**Aim of the exercise**
Write out exactly, and only, the lines below from the line with "В Україні відкрили" through the line with "Πυροβοληθείς μιας ζωηρόχρωμης"; pictures do not belong in the copy.

**Given entries**

----------

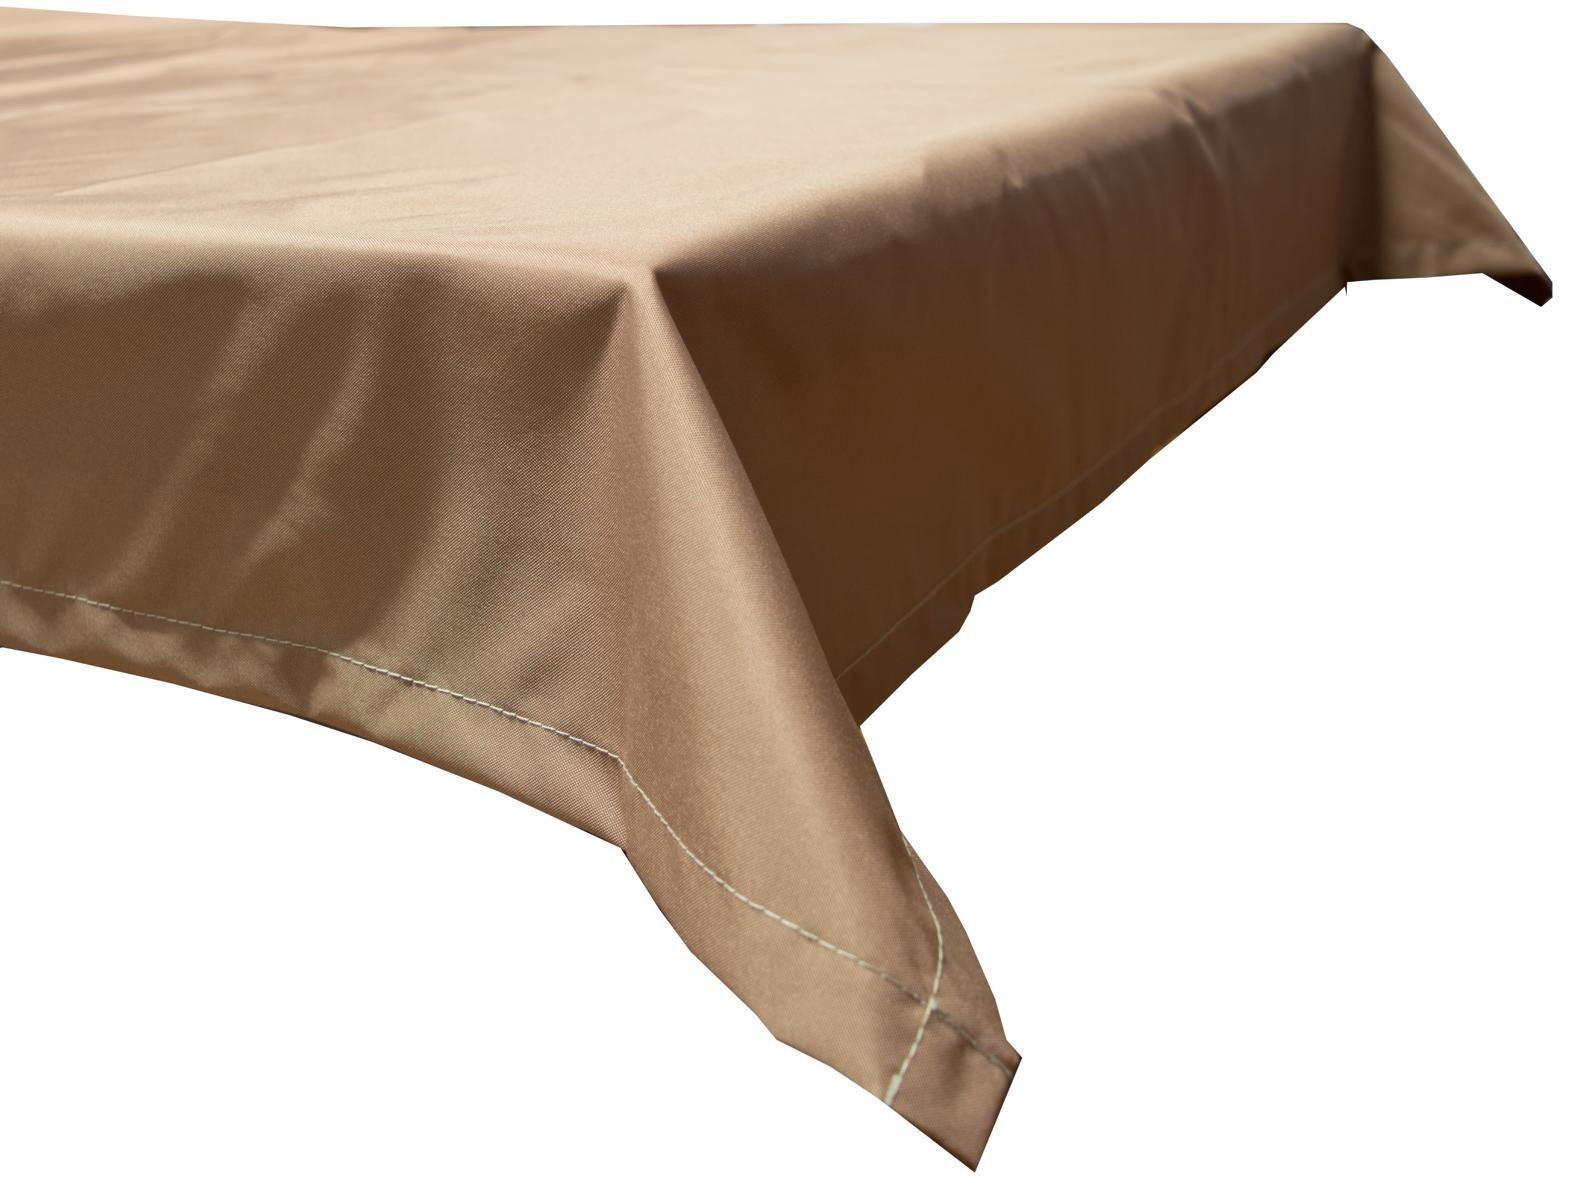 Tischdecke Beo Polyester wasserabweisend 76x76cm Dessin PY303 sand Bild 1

----------

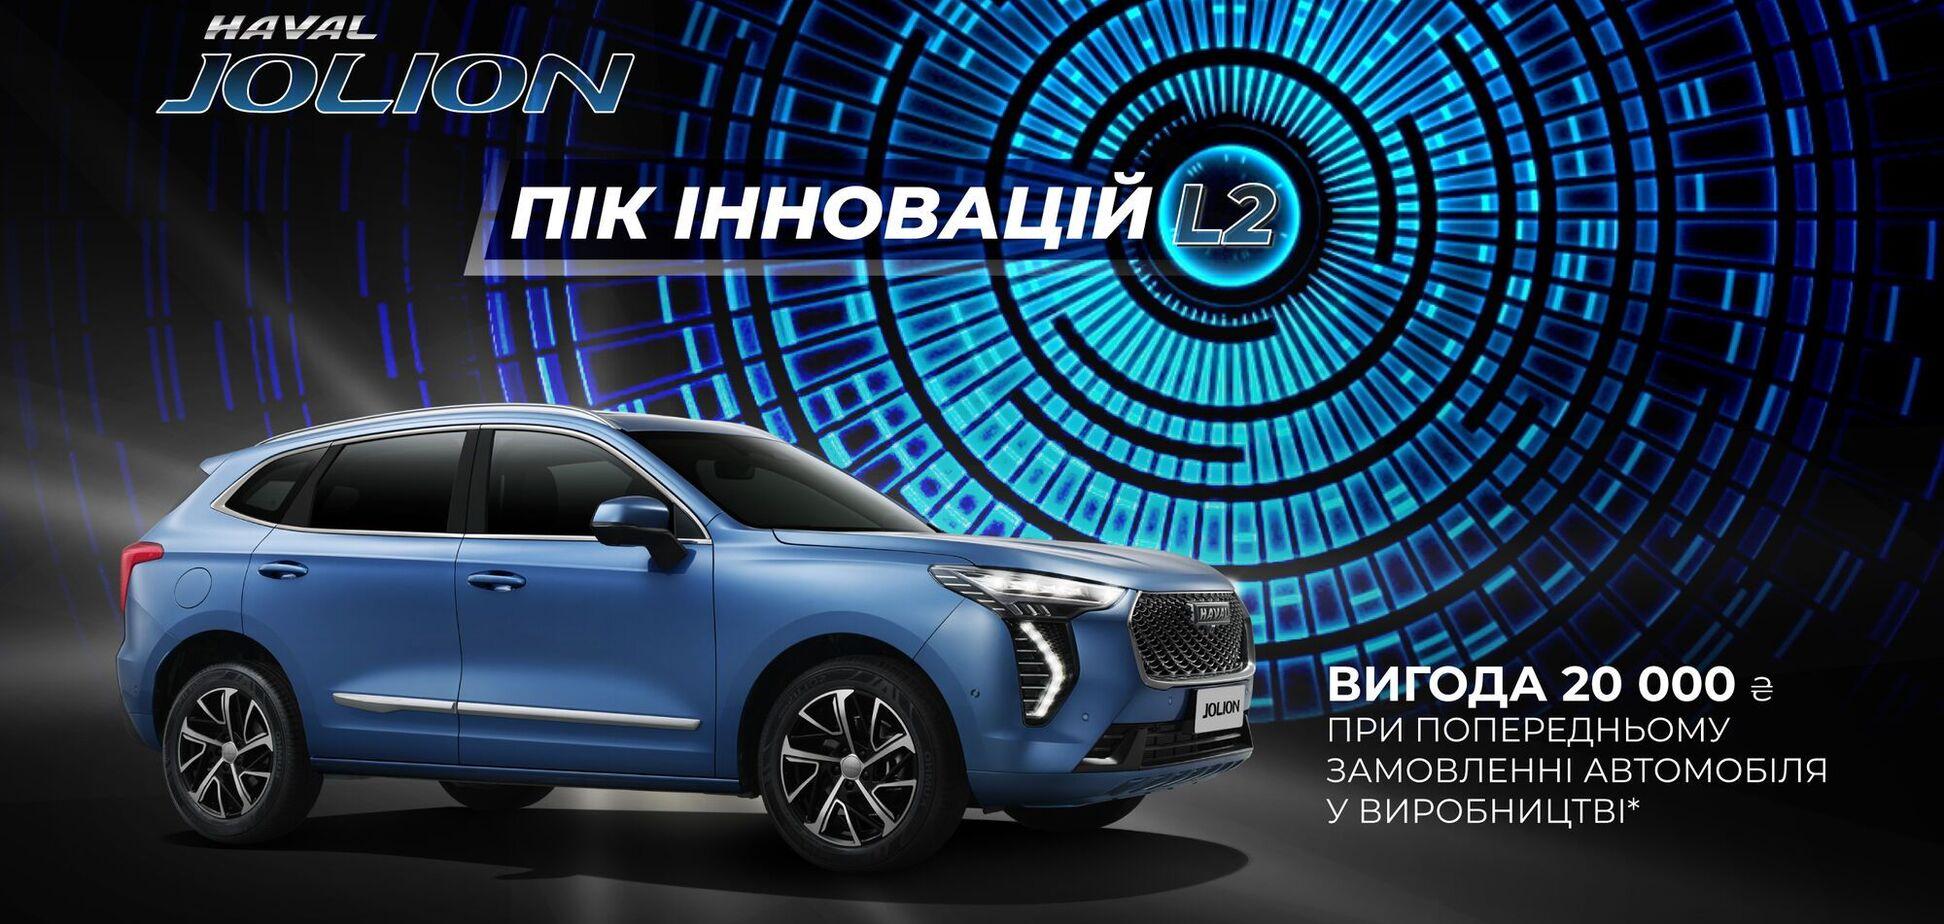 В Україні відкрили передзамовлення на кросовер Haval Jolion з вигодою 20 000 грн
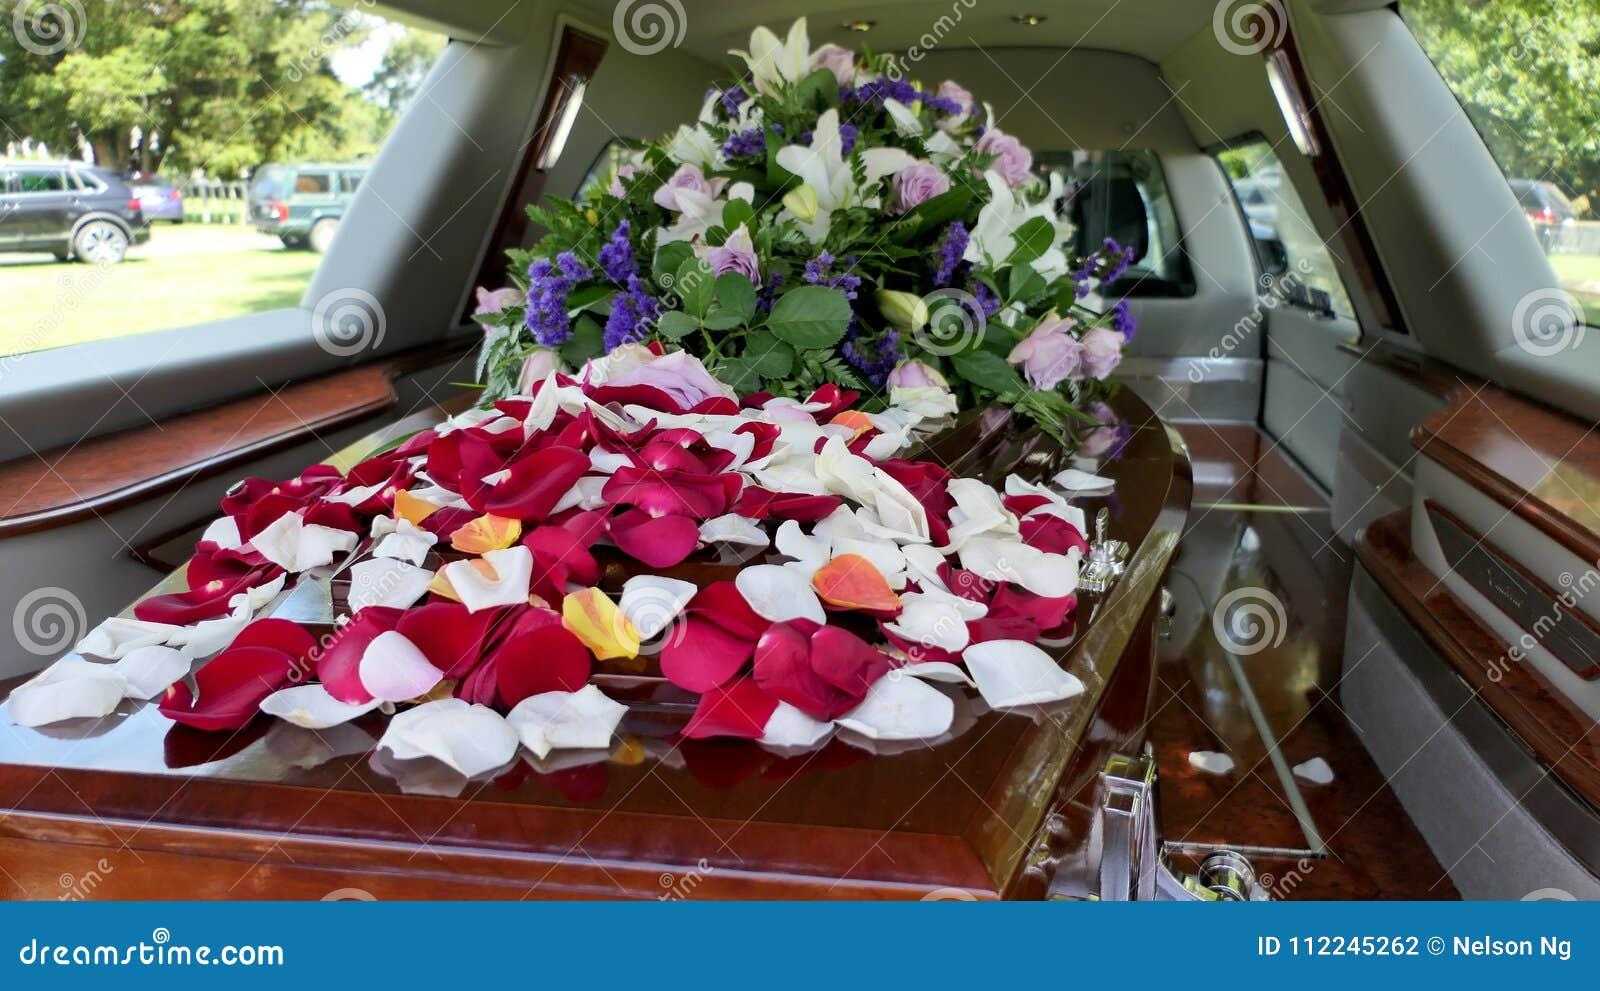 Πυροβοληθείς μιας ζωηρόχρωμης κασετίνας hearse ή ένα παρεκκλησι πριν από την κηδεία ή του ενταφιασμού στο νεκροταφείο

----------

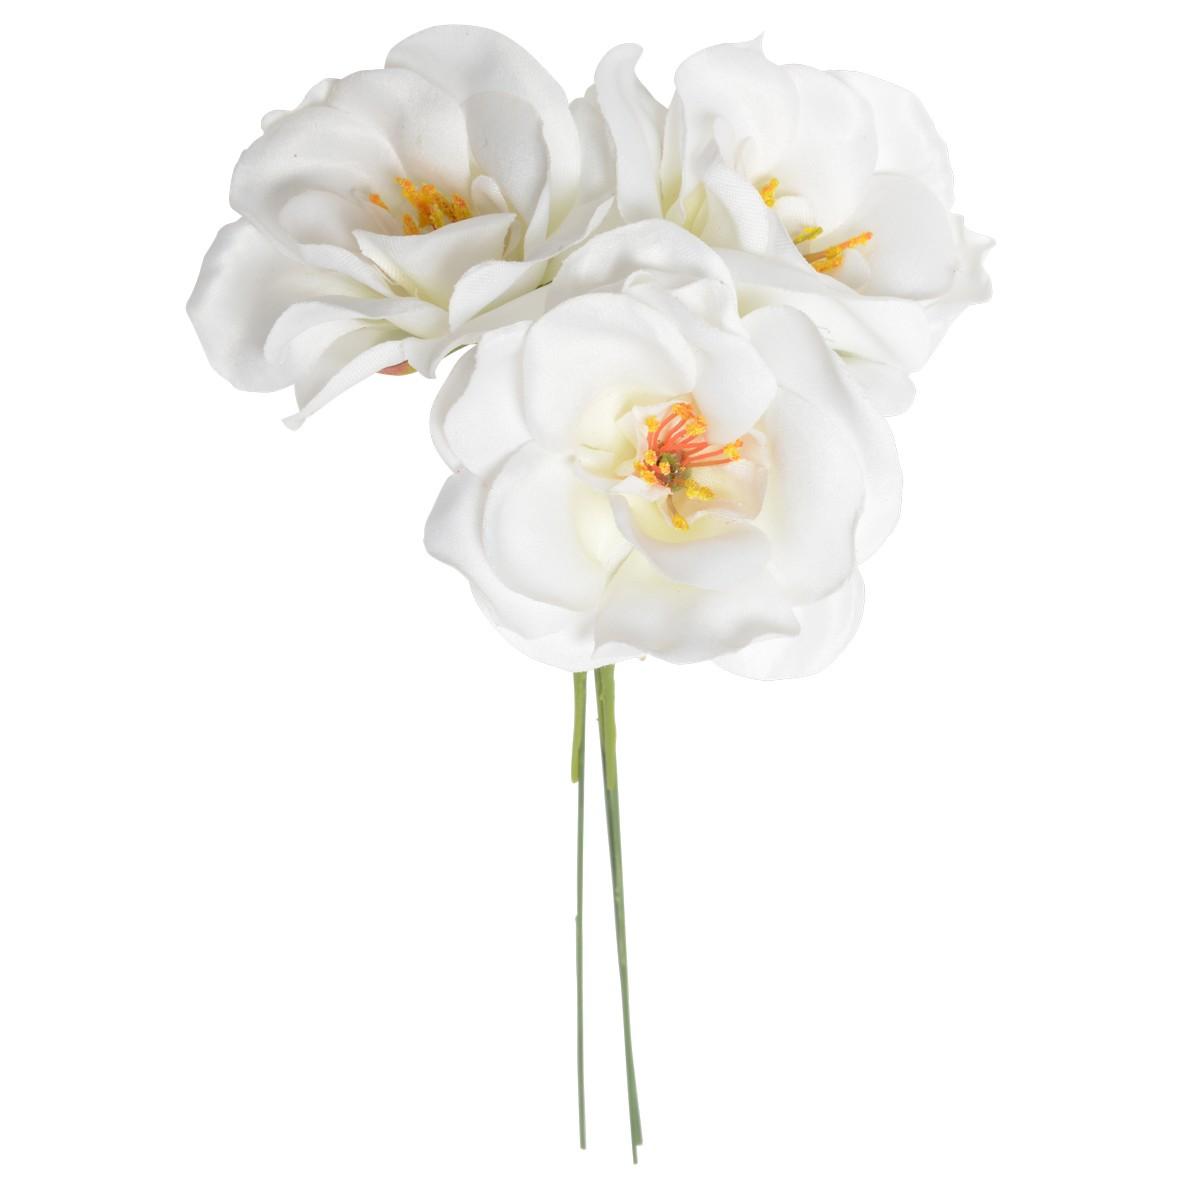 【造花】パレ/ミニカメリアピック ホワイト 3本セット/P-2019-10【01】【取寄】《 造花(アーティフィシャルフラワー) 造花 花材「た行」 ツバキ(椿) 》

----------

**Response below**
 В Україні відкрили передзамовлення на кросовер Haval Jolion з вигодою 20 000 грн
 Πυροβοληθείς μιας ζωηρόχρωμης κασετίνας hearse ή ένα παρεκκλησι πριν από την κηδεία ή του ενταφιασμού στο νεκροταφείο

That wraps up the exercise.